What to produce: In the records below, find the line that contains "Healthy dessert for" and the line that contains "79 Luxe Intensely"; write out exactly those two lines and everything between them, without the pictures.
___ Record excerpts ___
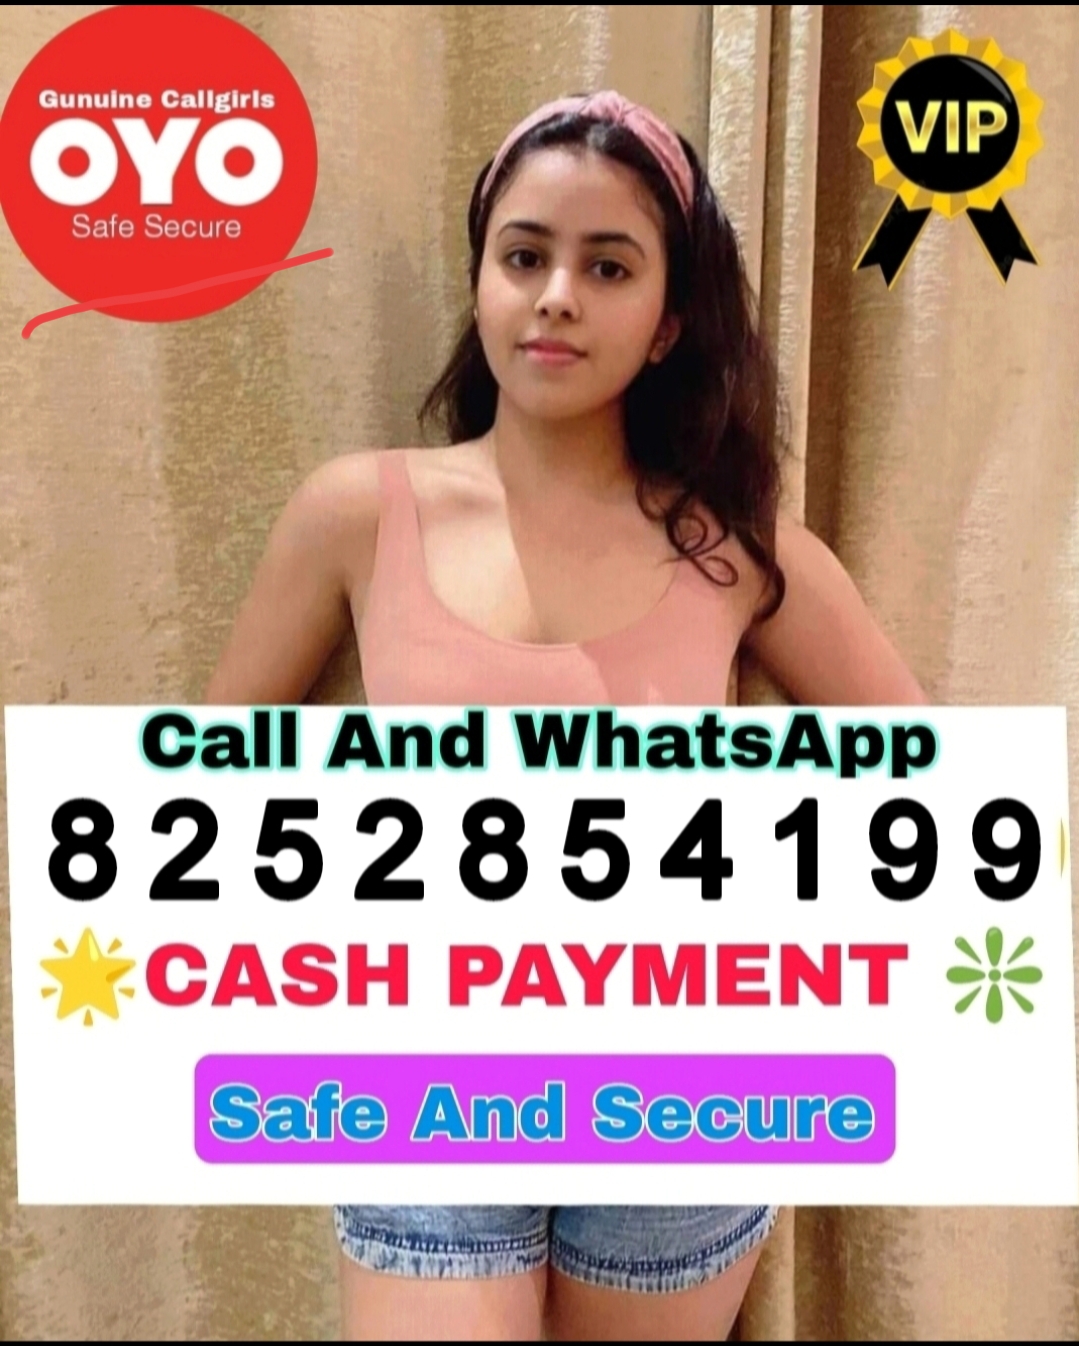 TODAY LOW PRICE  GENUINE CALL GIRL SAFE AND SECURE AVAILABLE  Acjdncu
___
___ Record excerpts ___
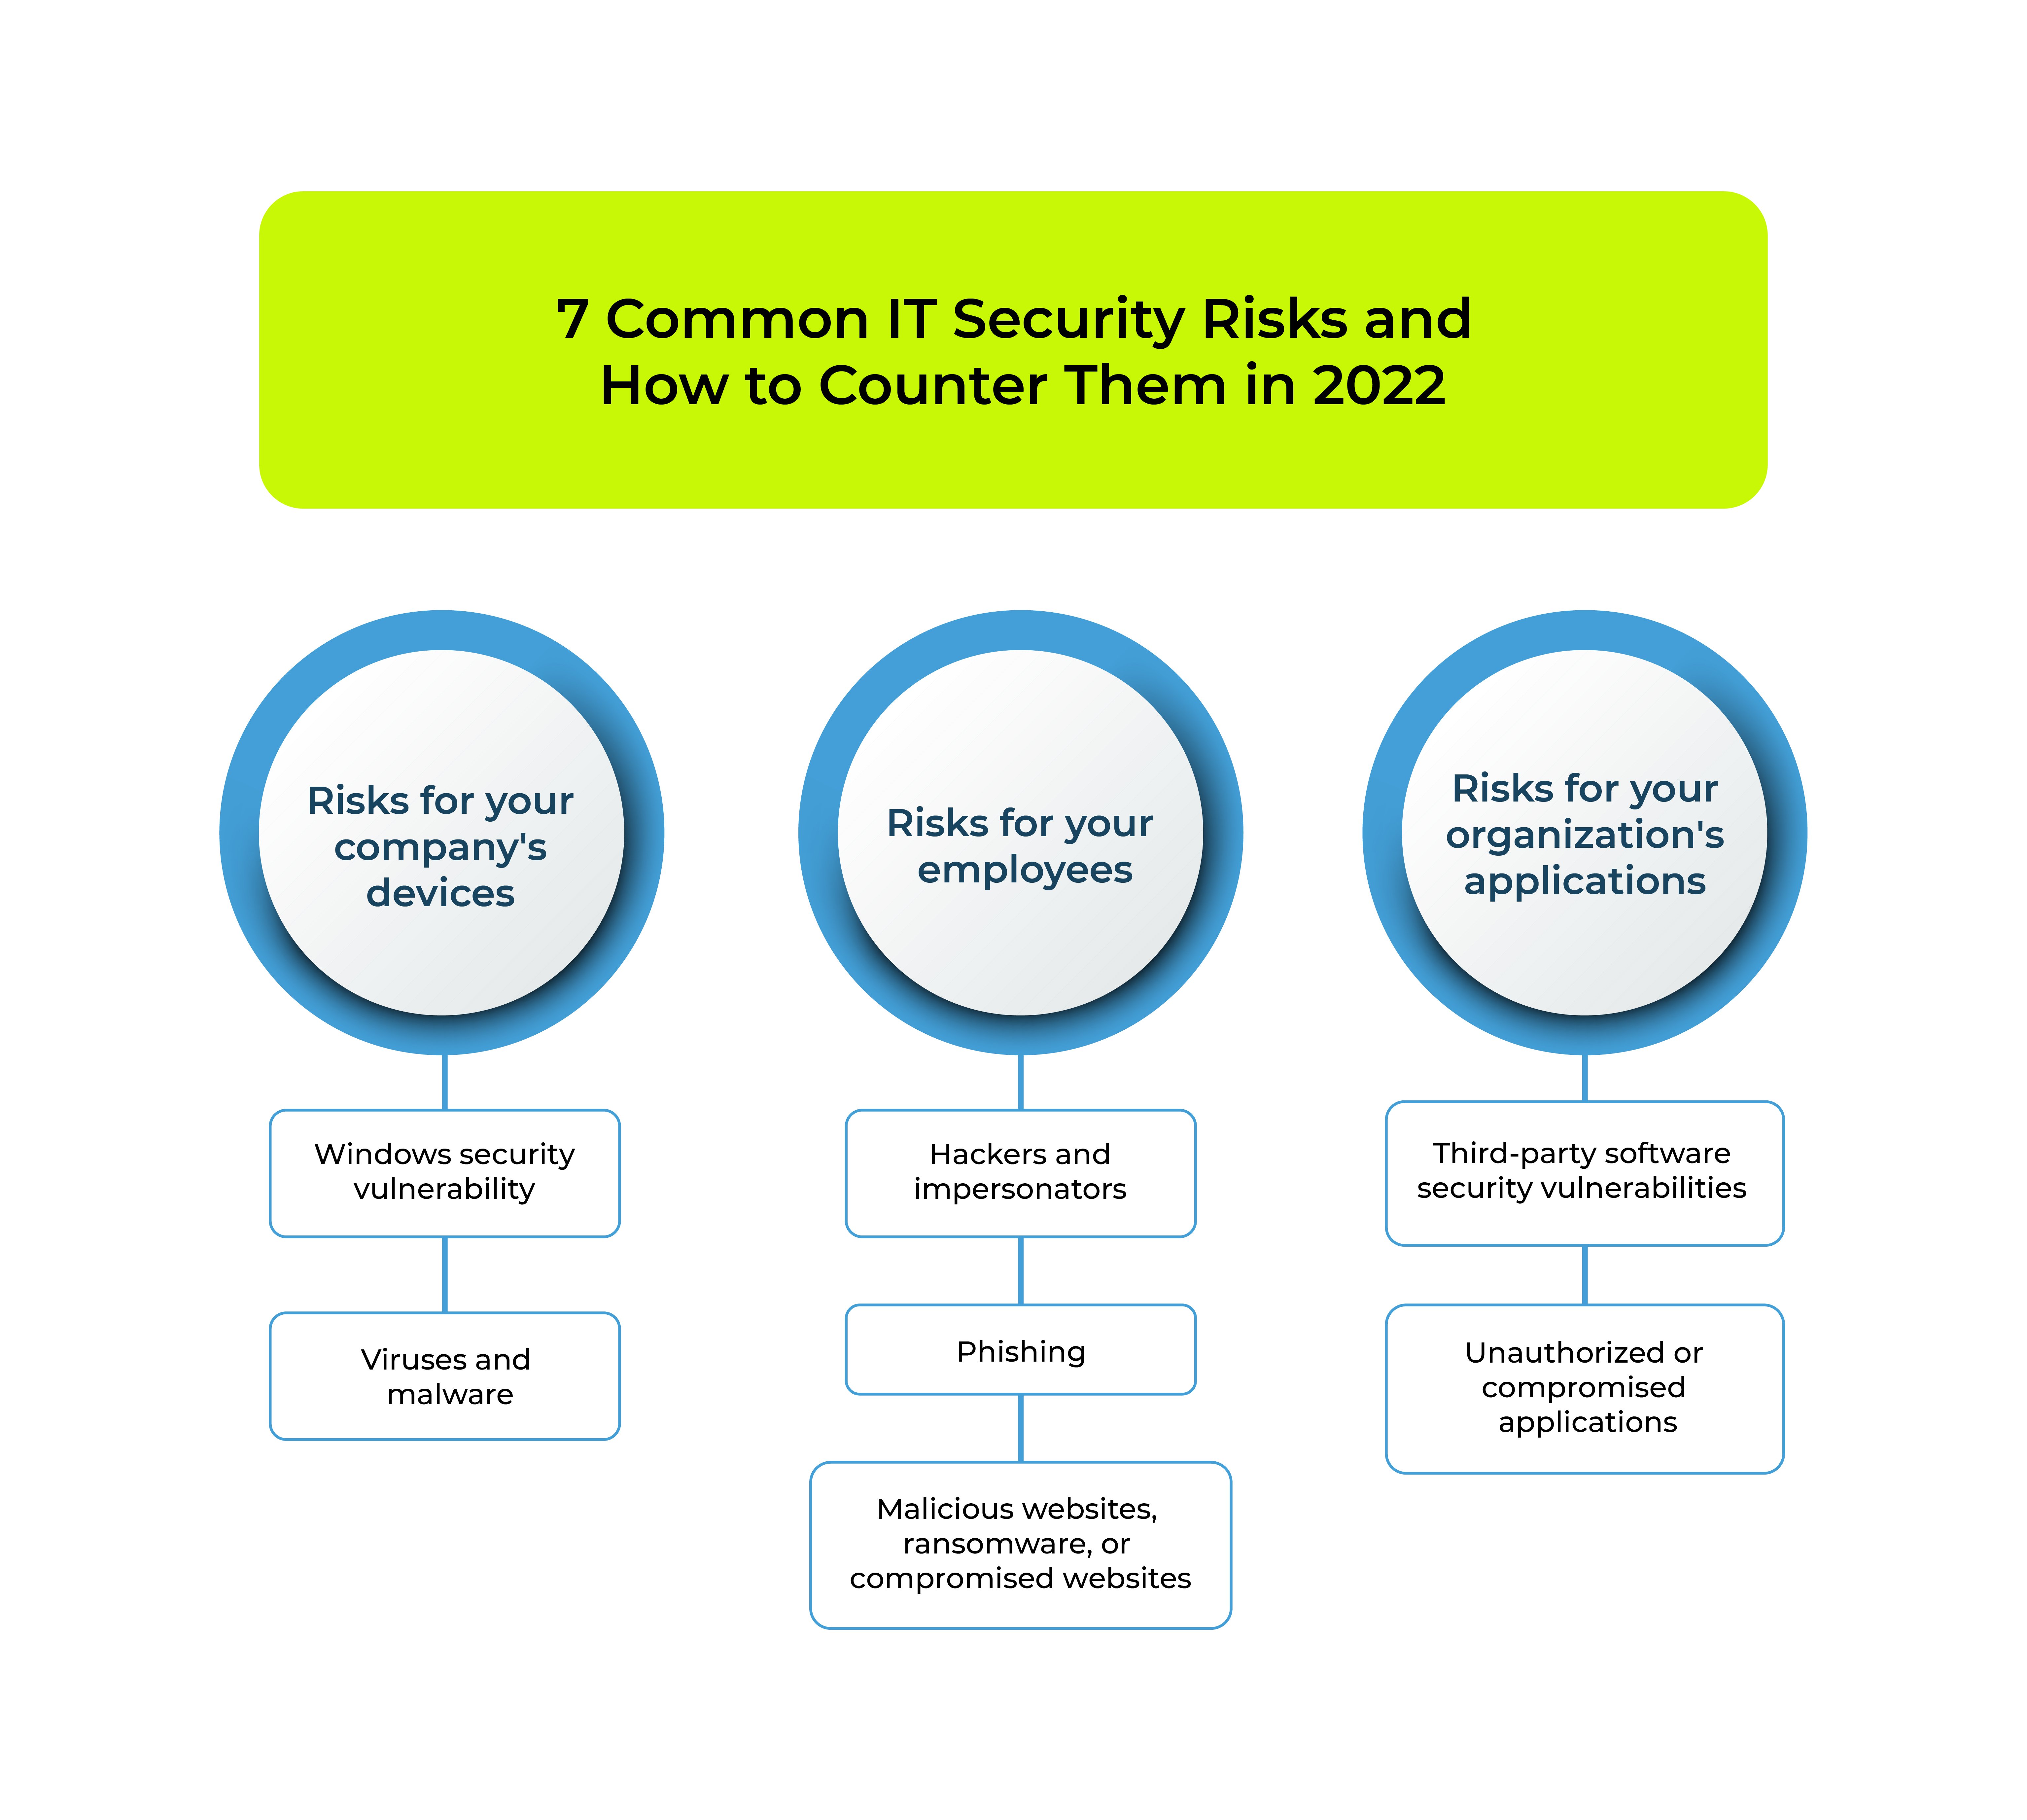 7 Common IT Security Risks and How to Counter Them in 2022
___
___ Record excerpts ___
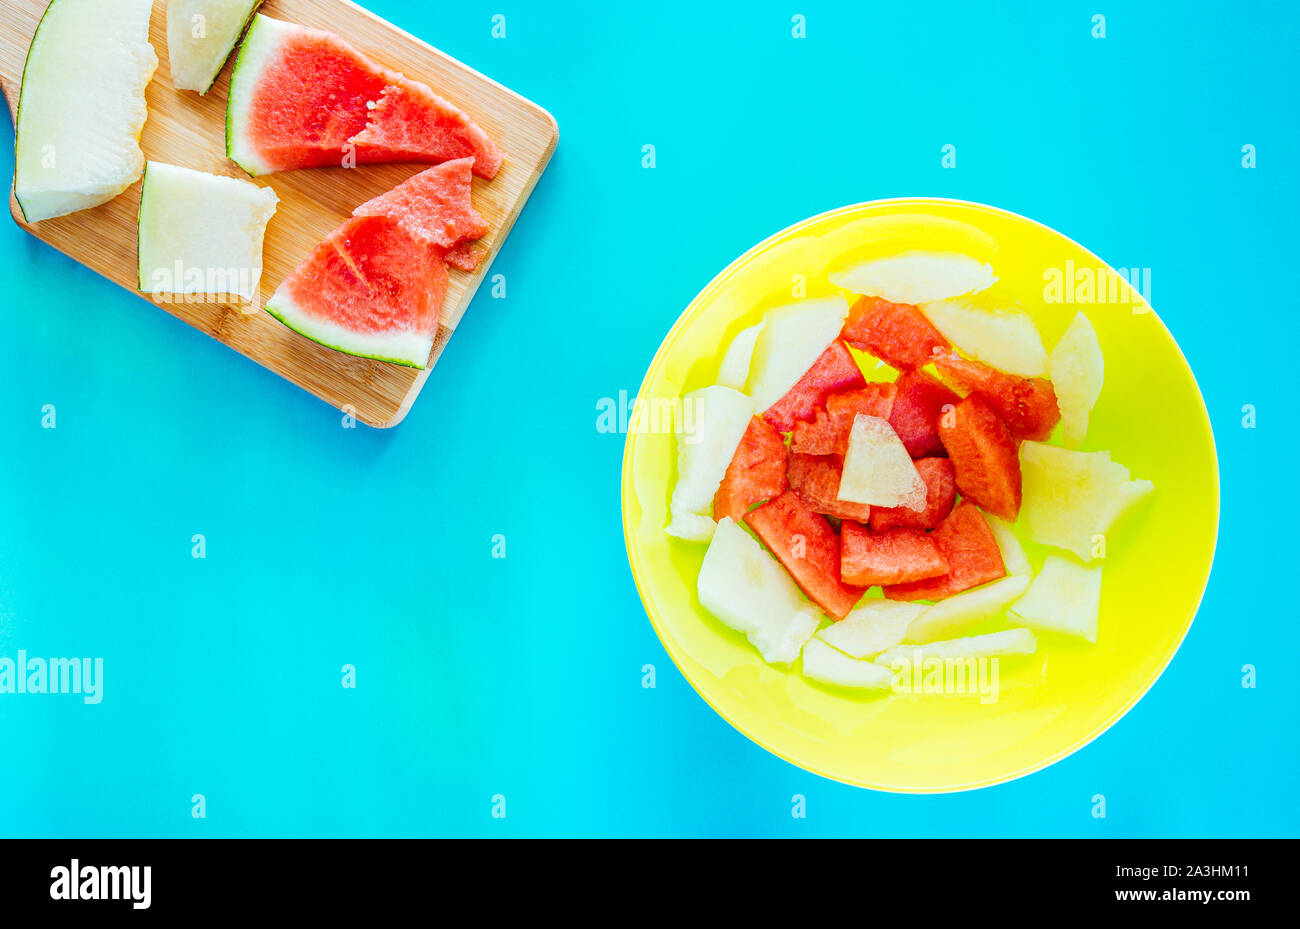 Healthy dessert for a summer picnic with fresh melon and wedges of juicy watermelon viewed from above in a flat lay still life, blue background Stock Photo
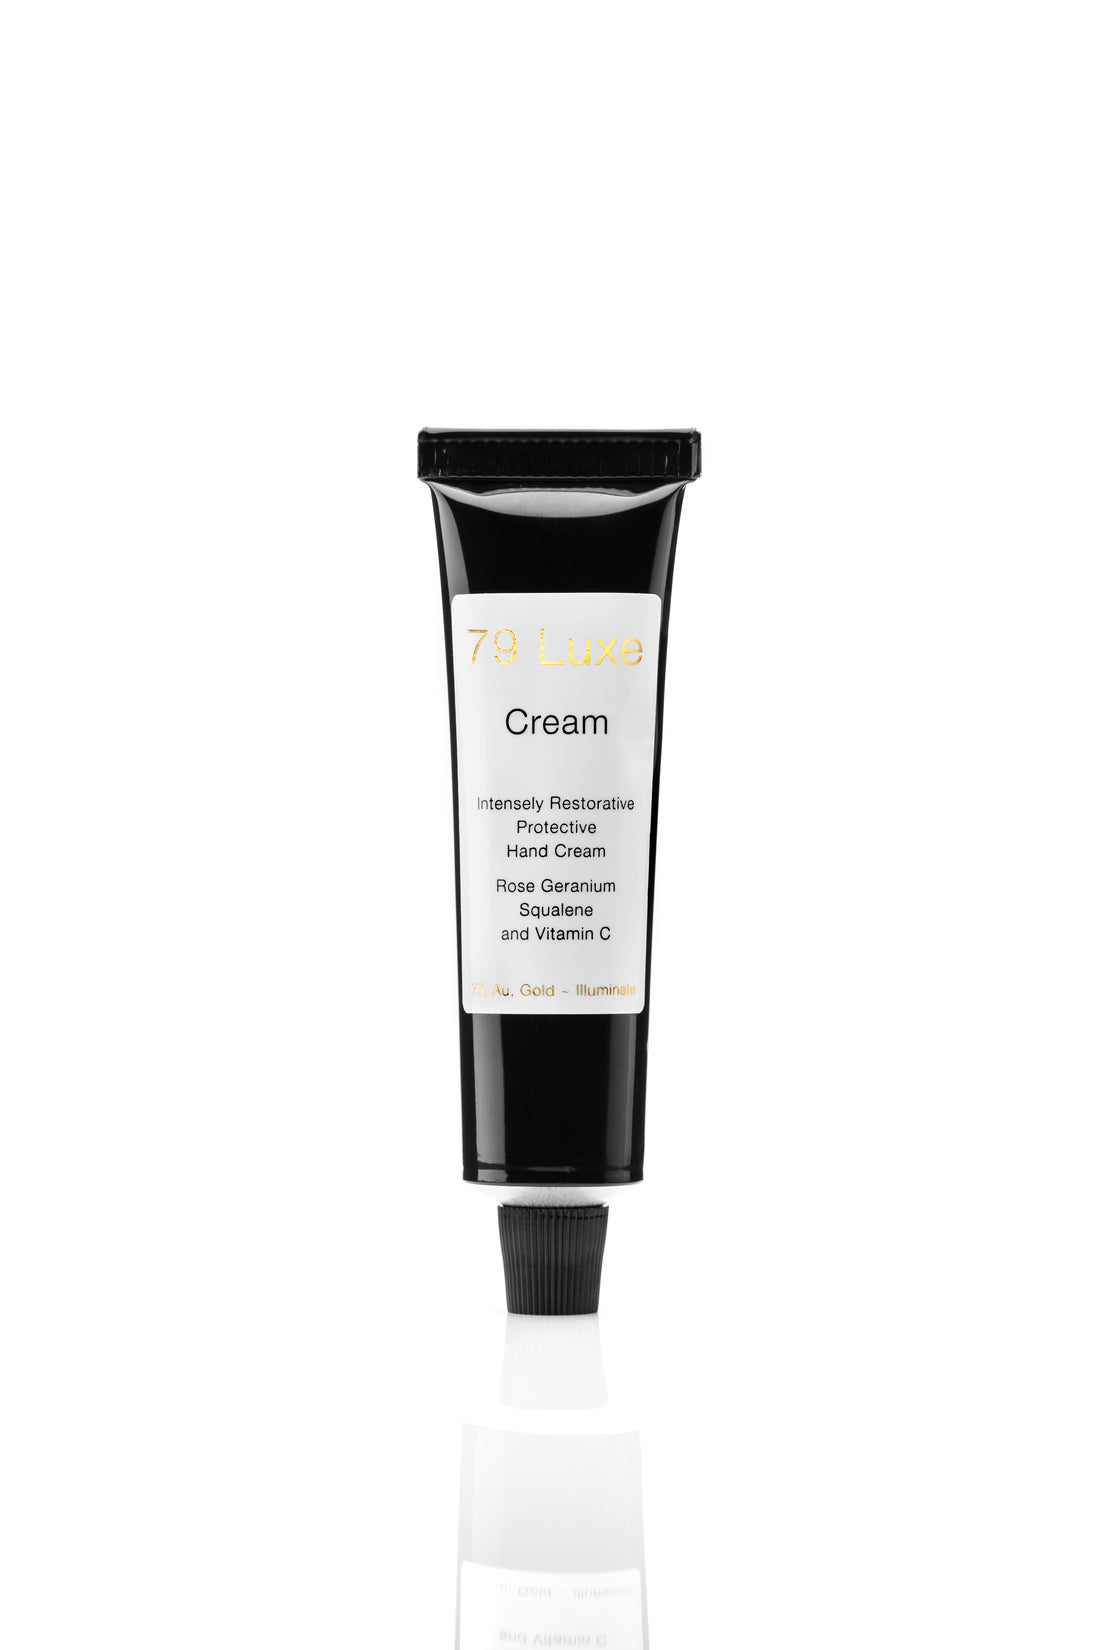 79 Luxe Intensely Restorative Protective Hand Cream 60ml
___
Exercise solution:
 Healthy dessert for a summer picnic with fresh melon and wedges of juicy watermelon viewed from above in a flat lay still life, blue background Stock Photo
 79 Luxe Intensely Restorative Protective Hand Cream 60ml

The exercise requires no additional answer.